= Camp Chopunnish =

Lewis and Clark Expedition camp in Idaho

Camp Chopunnish was the first major camp on the Lewis and Clark Expedition's return voyage. It is located in Idaho County, Idaho, along the north bank of the Clearwater River, it is now part of the Nez Perce National Historical Park. It was named after Lewis' name for the Nez Perces tribe native there. In the expedition journals it was also called Long Camp (because of the duration of the stay) and Camp Kamiah (for its location).

==History==

The expedition departed Fort Clatsop, near present-day Astoria, Oregon, in March 1806, after a dismal winter near the Pacific coast. By May 3, they had arrived back among the Nez Perce tribe, but determined that because of snow it was too early to cross the mountains on the Lolo Trail over the Bitterroot Mountains.
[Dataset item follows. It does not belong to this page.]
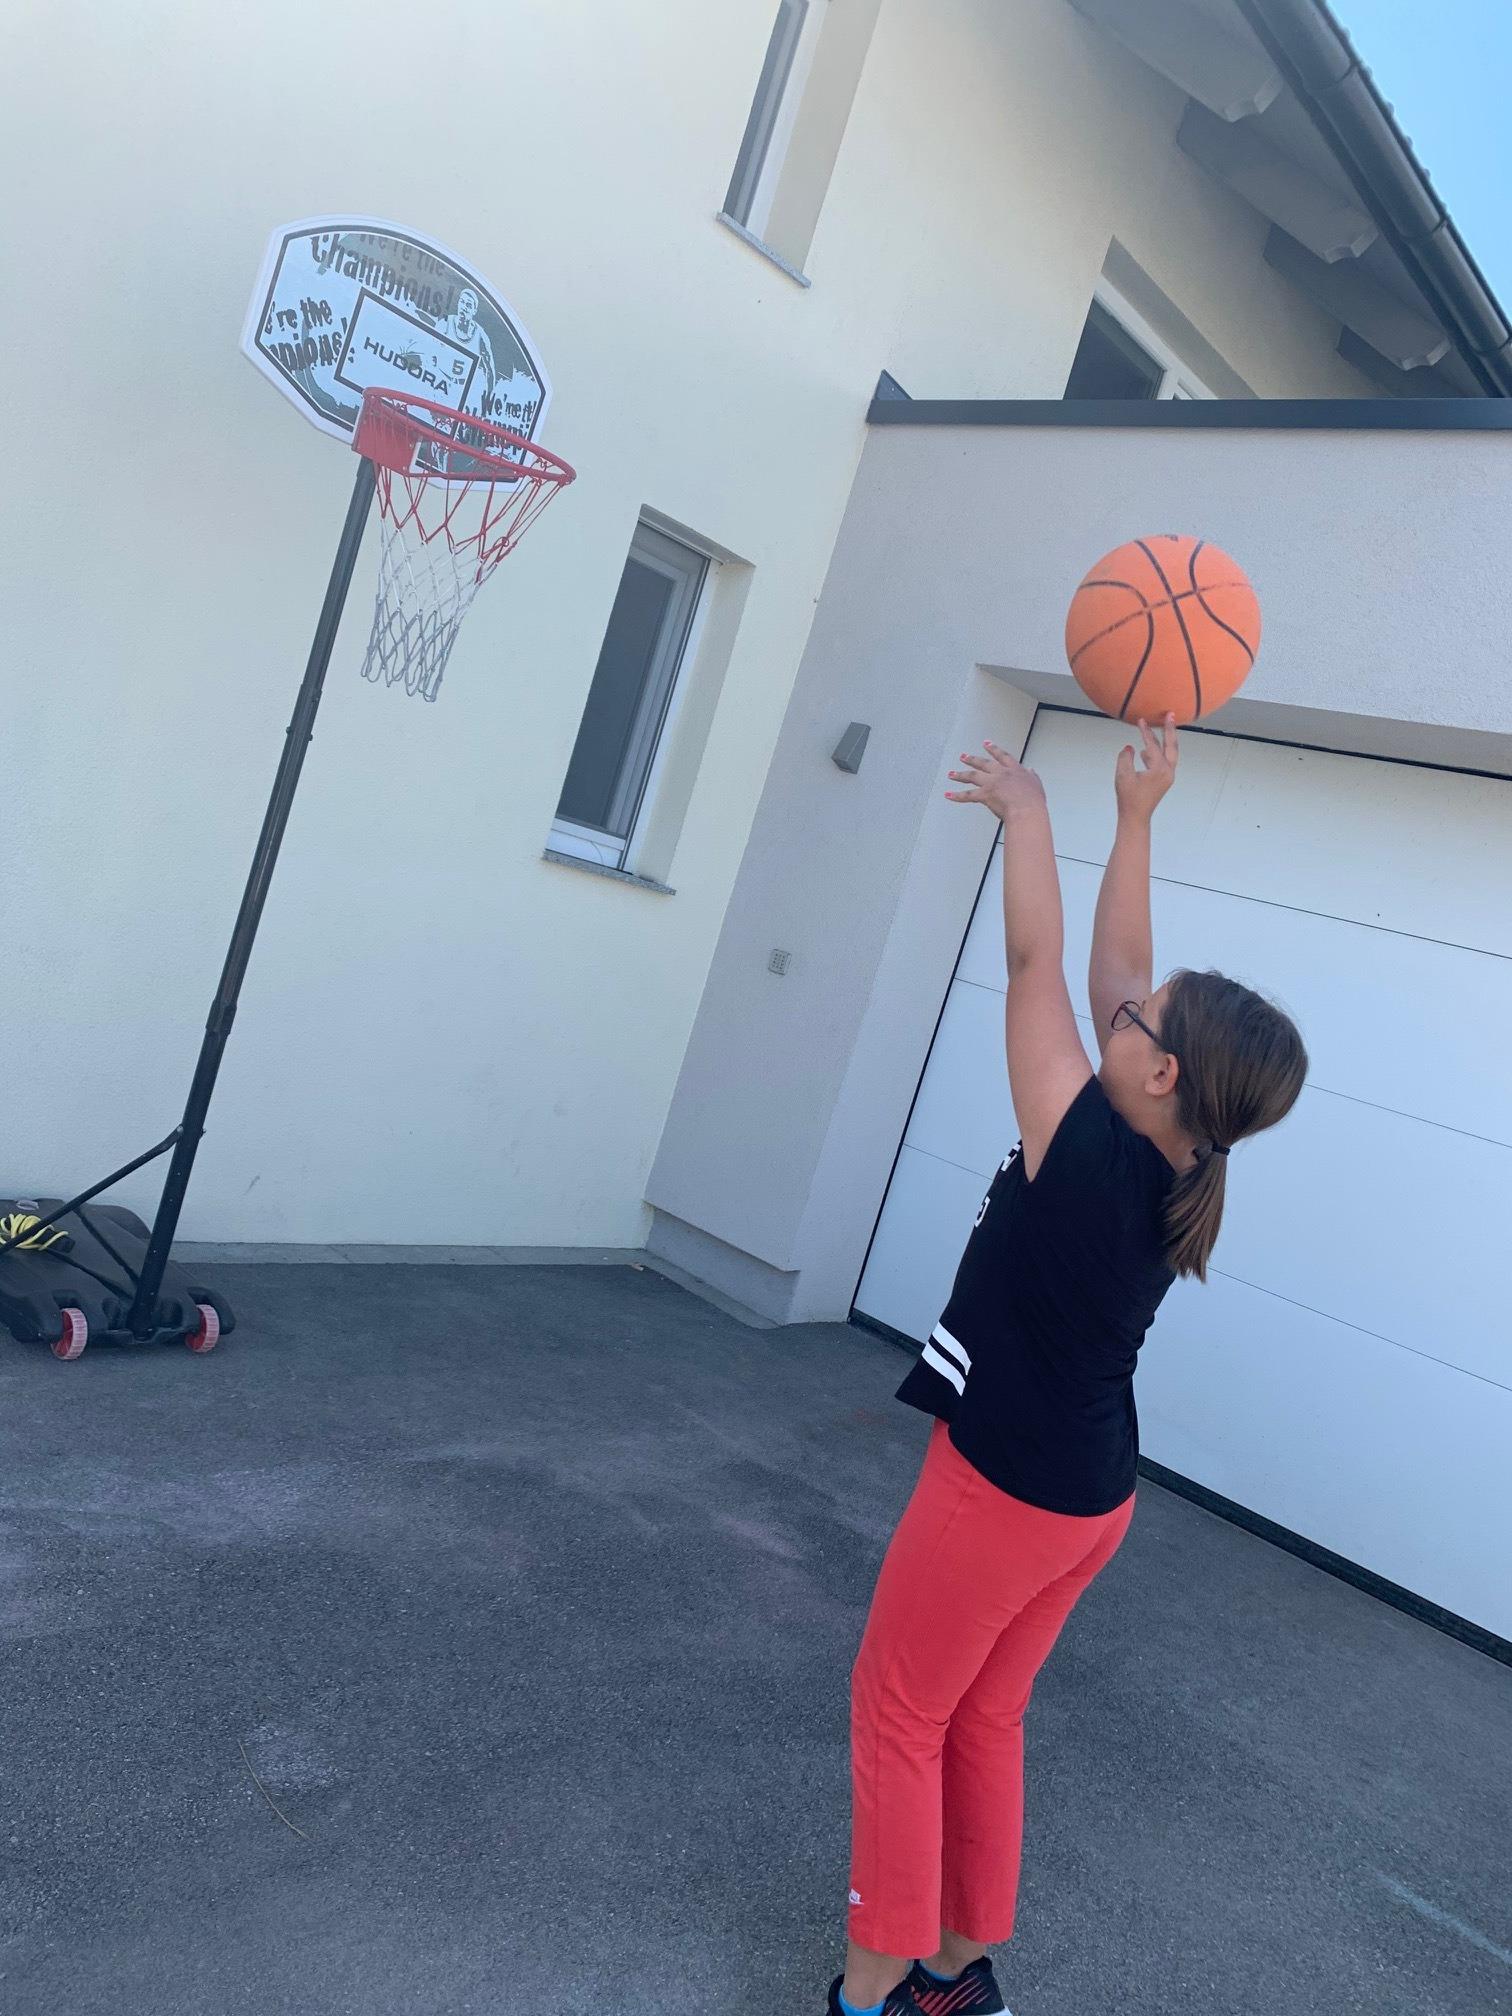 Basketball_3a_1_edited.jpg

From mid-May to mid-June the expedition stopped at Camp Chopunnish, stocking food for the mountain crossing.

On June 10 the group moved to a camp on Weippe Prairie in preparation for crossing the Lolo Trail, which, after an initial failure, was crossed in the last week in June.

In 1902, when historian Olin D. Wheeler visited the site, he could still see the sunken circular ring where Lewis and Clark had established their camp. Since that time, however, the integrity of the site has been destroyed. A large sawmill now covers it, and numerous other buildings are located in the vicinity. The area may be viewed from an unmarked turnout on U.S. 12 along the opposite, or southside of the river.